American economist and statistician (1901–1985)

Simon Smith Kuznets (/ˈkʌznɛts/ KUZ-nets; Семён Абра́мович Кузне́ц, /ru/; April 30, 1901 – July 8, 1985) was a Russian-born American economist and statistician. He received the 1971 Nobel Memorial Prize in Economic Sciences "for his empirically founded interpretation of economic growth which has led to new and deepened insight into the economic and social structure and process of development."

Kuznets made a decisive contribution to the transformation of economics into an empirical science and to the formation of quantitative economic history. Kuznets pioneered the concept of gross domestic product, which seeks to capture all economic production in a state by a single measure.

==Biography==
===Early life===
Simon Kuznets was born on April 30, 1901, in Pinsk, the capital of Pinsky Uyezd in Minsk Governorate of the Russian Empire (present-day Belarus), to a Jewish family. He had two brothers, Solomon and George. He completed his schooling, first at the Realschule in Rovno and then Kharkov (present-day Ukraine). In 1918, Kuznets entered the Kharkov Institute of Commerce, where he studied economic sciences, statistics, history and mathematics under the guidance of professors P. Fomin (political economy), A. Antsiferov (statistics), V. Levitsky (economic history and economic thought), S. Bernstein (probability theory), V. Davats (mathematics), and others. Basic academic courses at the Institute helped him to acquire "exceptional" erudition in economics, as well as in history, demography, statistics and natural sciences. According to the institute's curriculum, development of national economies had to be analyzed in the wider context of changes in "connected spheres" and with the involvement of proper methods and empirical data. There, he began to study economics, and became exposed to Joseph Schumpeter's theory of innovation and the business cycle.

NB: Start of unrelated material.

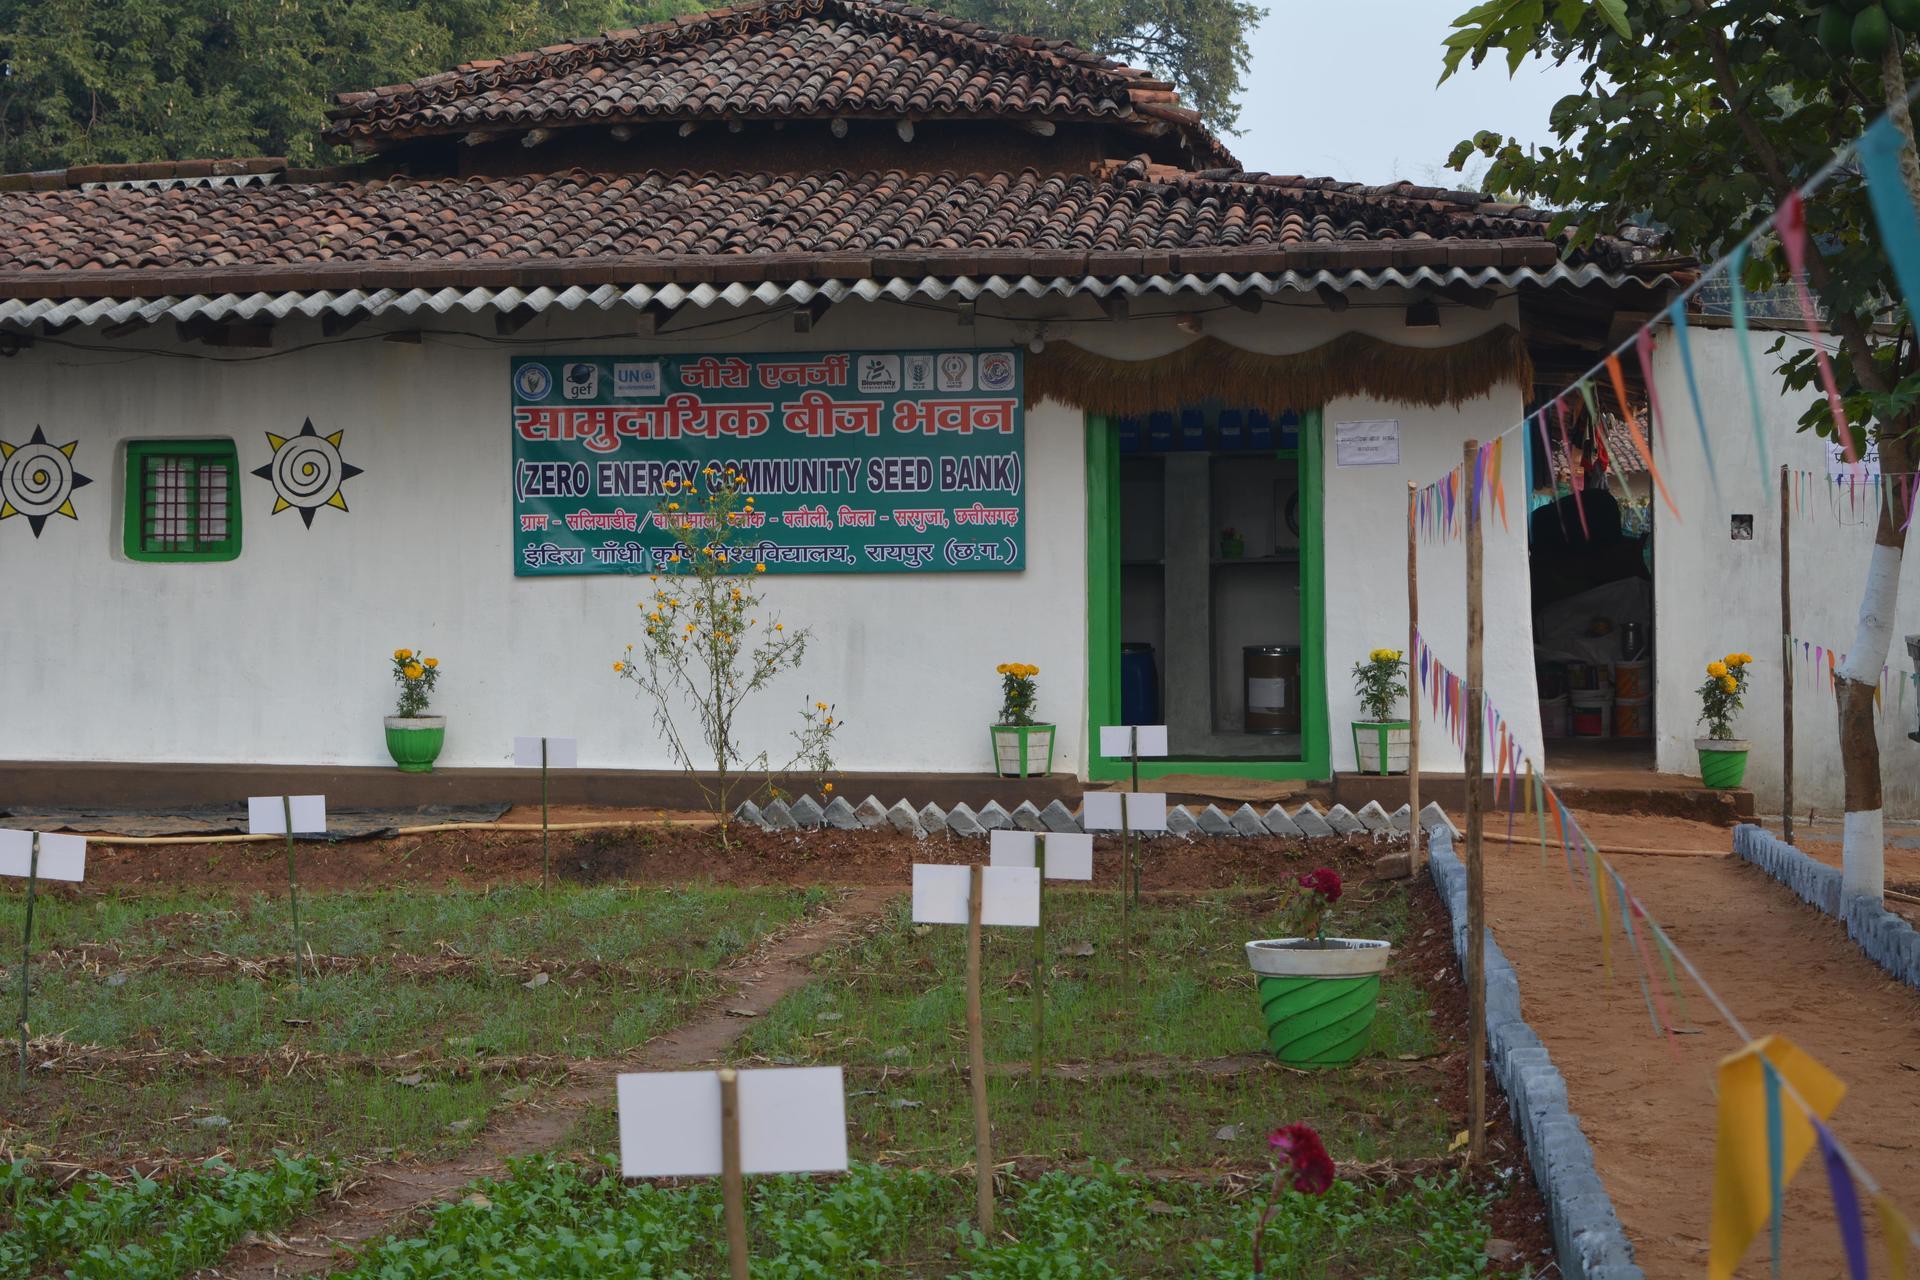 Planting seeds of hope in India - Alliance Bioversity International - CIAT
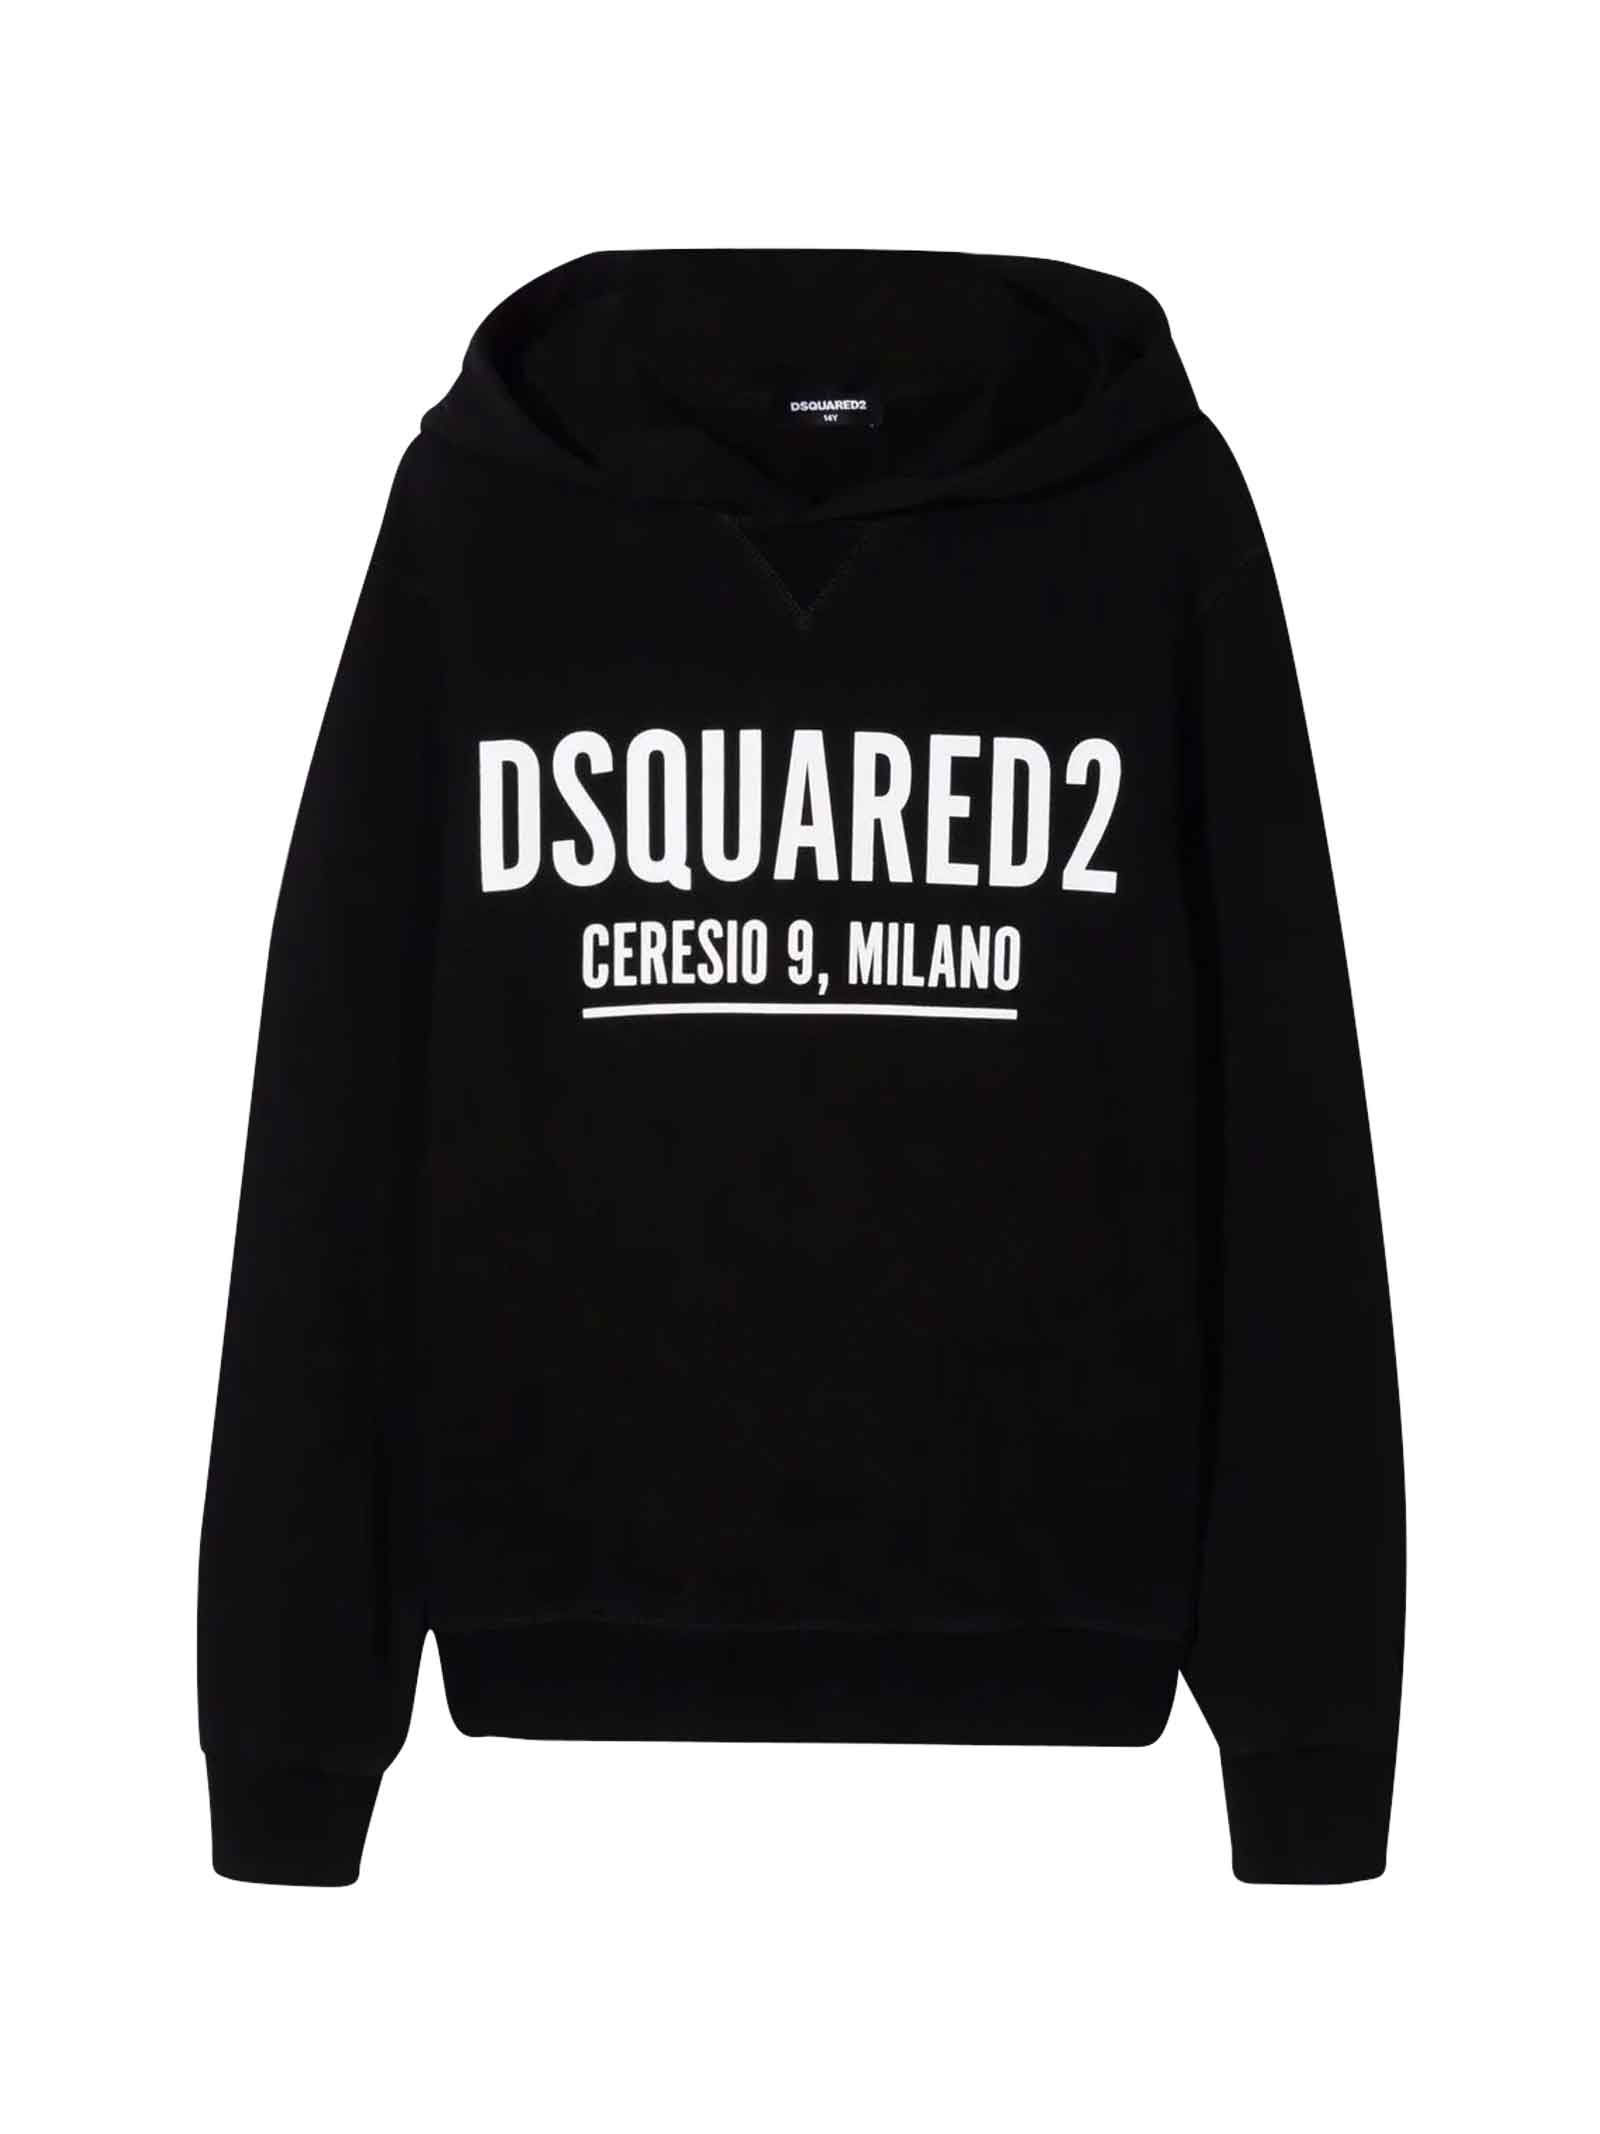 Dsquared2 Black Sweatshirt With White Print And Hood Dsquared Kids

At the turn of the decade, the normal work in the institute was interrupted by the events of the Russian Civil War; reorganizations were undertaken by the Soviet authorities in the sphere of the higher education. There is no precise information whether Kuznets continued his studies at the institute, but it is known that he joined the Department of Labor of UZHBURO (South Bureau) of the Central Council of Trade Unions. There, he published his first scientific paper, "Monetary wages and salaries of factory workers in Kharkov in 1920"; he explored the dynamics of different types of wages by industries in Kharkov and income differentiation, depending on the wage system.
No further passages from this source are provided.